In order to solve the problem of carbon source release rate, people began to study the denitrifying carbon source technology, most of which are to wrap the carbon source on the substrate skeleton carrier or use the wrapping method to prepare the denitrifying carbon source, such as Chinese patent CN201710960257. Sodium is encapsulated in chitosan capsules as a denitrifying carbon source, but after soaking in water, chitosan will gradually dissolve, and the carbon source in the capsules will be released in large quantities, which will increase the COD value in the water and affect the water quality; Chinese patent CN201711392022 .7 discloses that the slow-release carbon source filler is composed of an external carbon source layer, an internal carbon source layer and a connecting colloid, the external carbon source is made into powder, and the internal carbon source is wrapped in multiple layers through the connecting colloid, and the outer layer is mainly composed of For degradable polymers, when the polymer is degraded, a large amount of internal carbon sources will be released, resulting in changes in the rate of carbon release and fluctuations in water quality.

SUMMARY OF THE INVENTION

In view of this, the purpose of the present invention is to provide a denitrifying carbon source and a preparation method thereof. The invention uses the kitchen waste oil to prepare the denitrifying carbon source layer, which is slowly released through the micropores and gaps of the coating layer, so that the carbon source is released evenly and the rate is stable, and at the same time, the prepared denitrifying carbon source layer is alkaline. The alkalinity of water can be increased, and the problem of pH drop in the subsequent biological nitrification process can be alleviated.
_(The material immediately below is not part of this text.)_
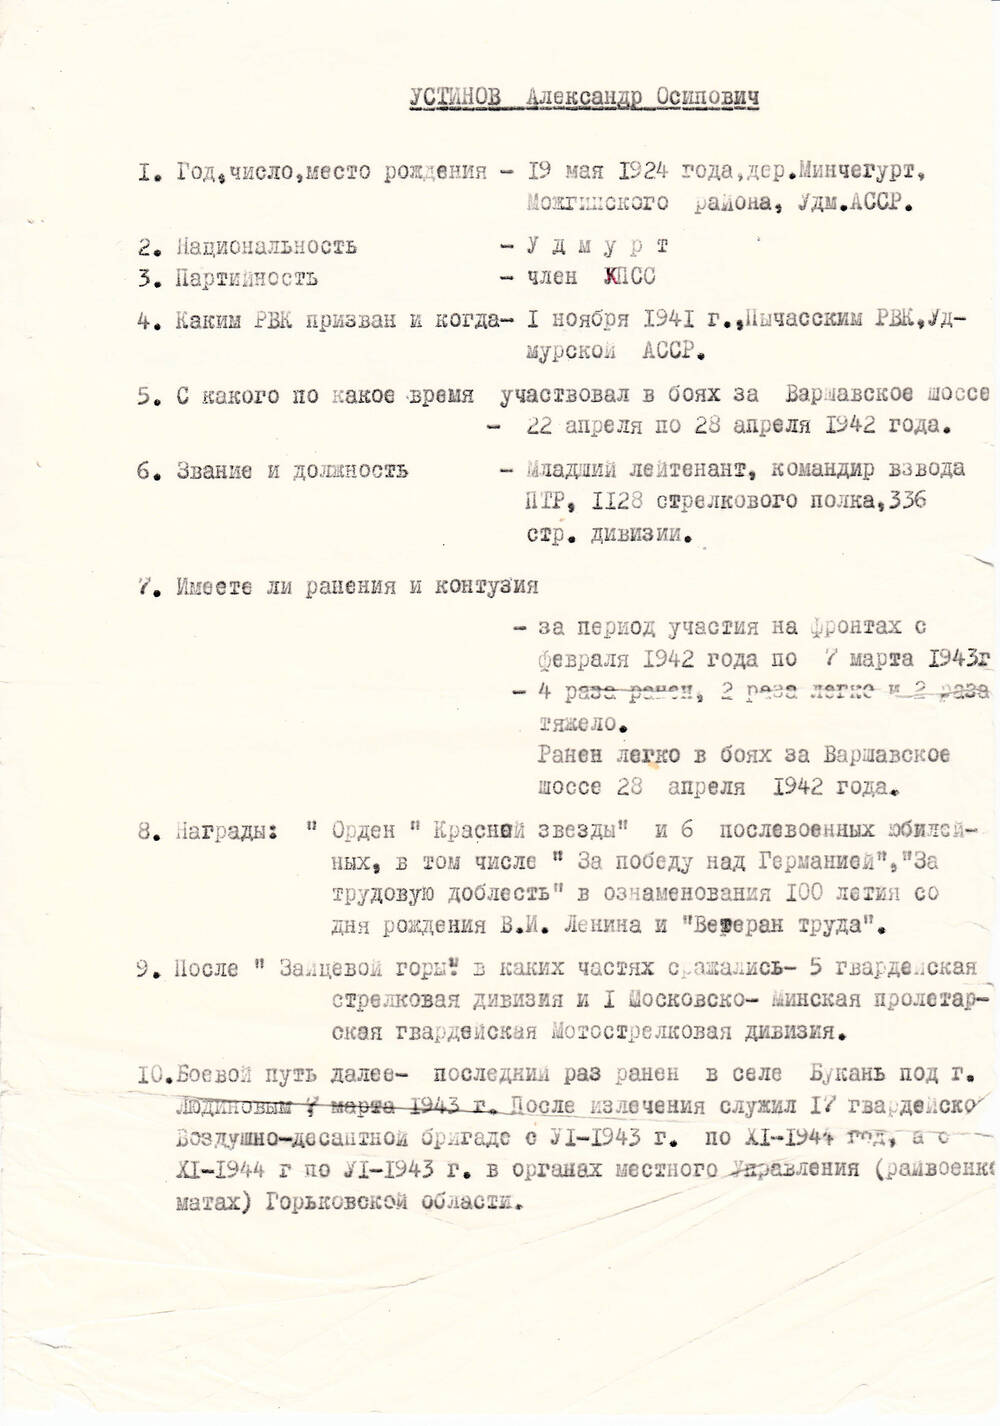 Анкета Устинова Александра Осиповича, ветерана Великой Отечественной войны 1941-1945 гг., с краткими биографическими данными.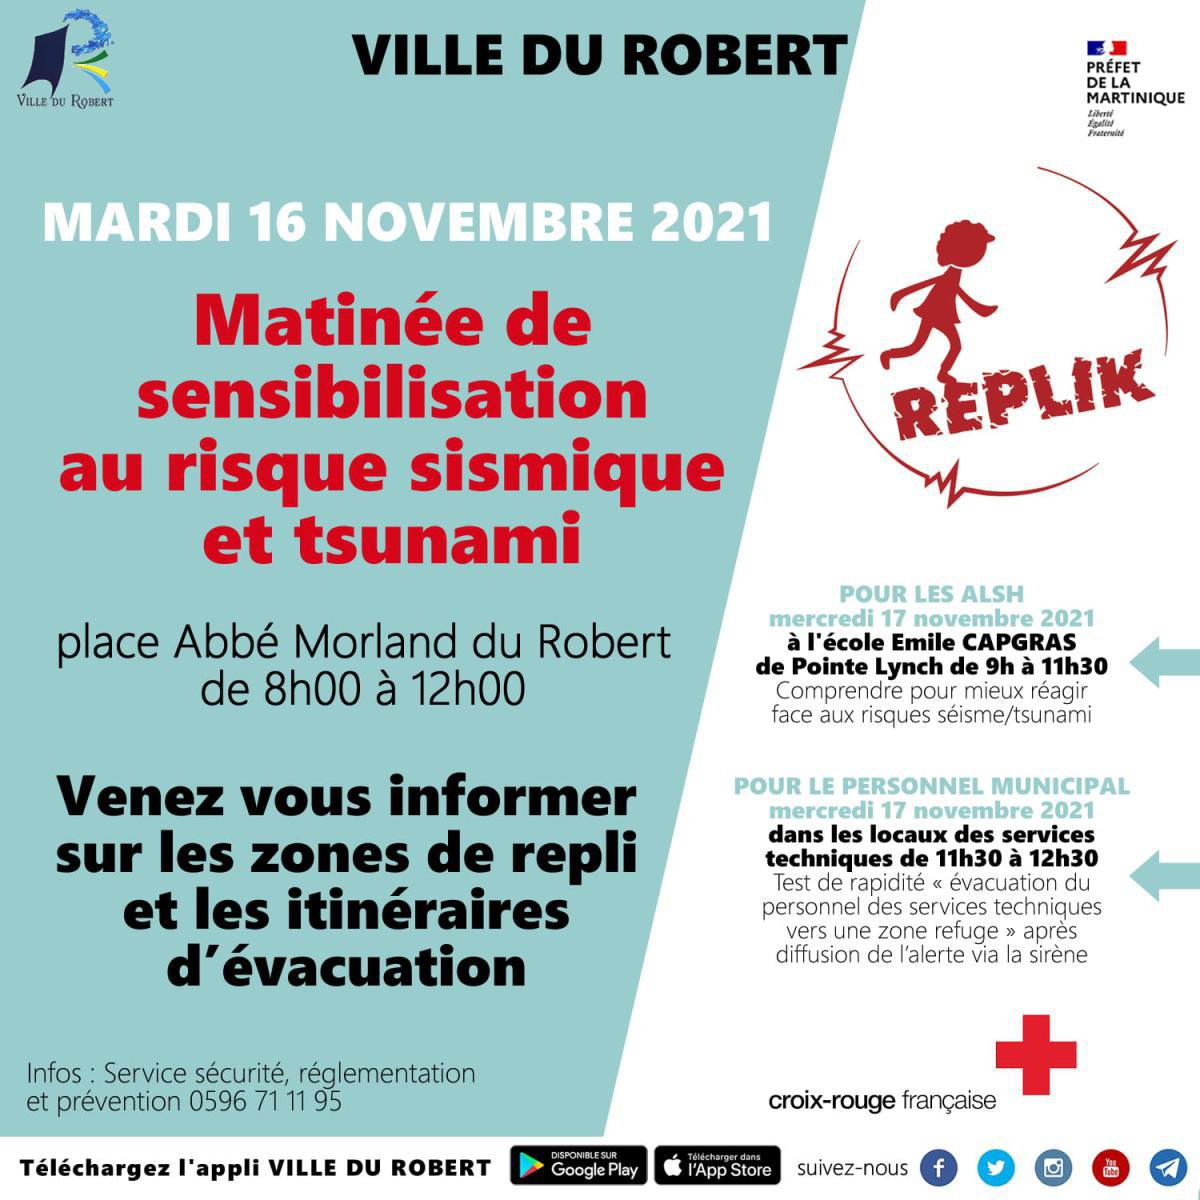 MARDI 16 NOVEMBRE 2021 : MATINÉE DE SENSIBILISATION AUX RISQUES MAJEURS

In order to achieve the above-mentioned purpose of the invention, the present invention provides the following technical solutions:

A denitrifying carbon source, comprising an inner and outer layer, the outer layer is a coating layer, the inner layer is a denitrifying carbon source layer, and the coating layer comprises the following components by weight: water-based polyurethane 20～ 30 parts, 4-6 parts of sodium alginate, 1-2 parts of foaming agent and 3-5 parts of emulsifier; the denitrifying carbon source layer is prepared from the following raw materials by weight: 40-50 parts of kitchen waste oil parts, 4-6 parts of sodium hydroxide, 16-20 parts of water, 6 parts of 95% ethanol, 2-4 parts of polylactic acid powder, 0.05-0.1 part of curing agent, 0.5-1 part of structural stabilizer and 0.5-1 part of reinforcing agent 2 servings.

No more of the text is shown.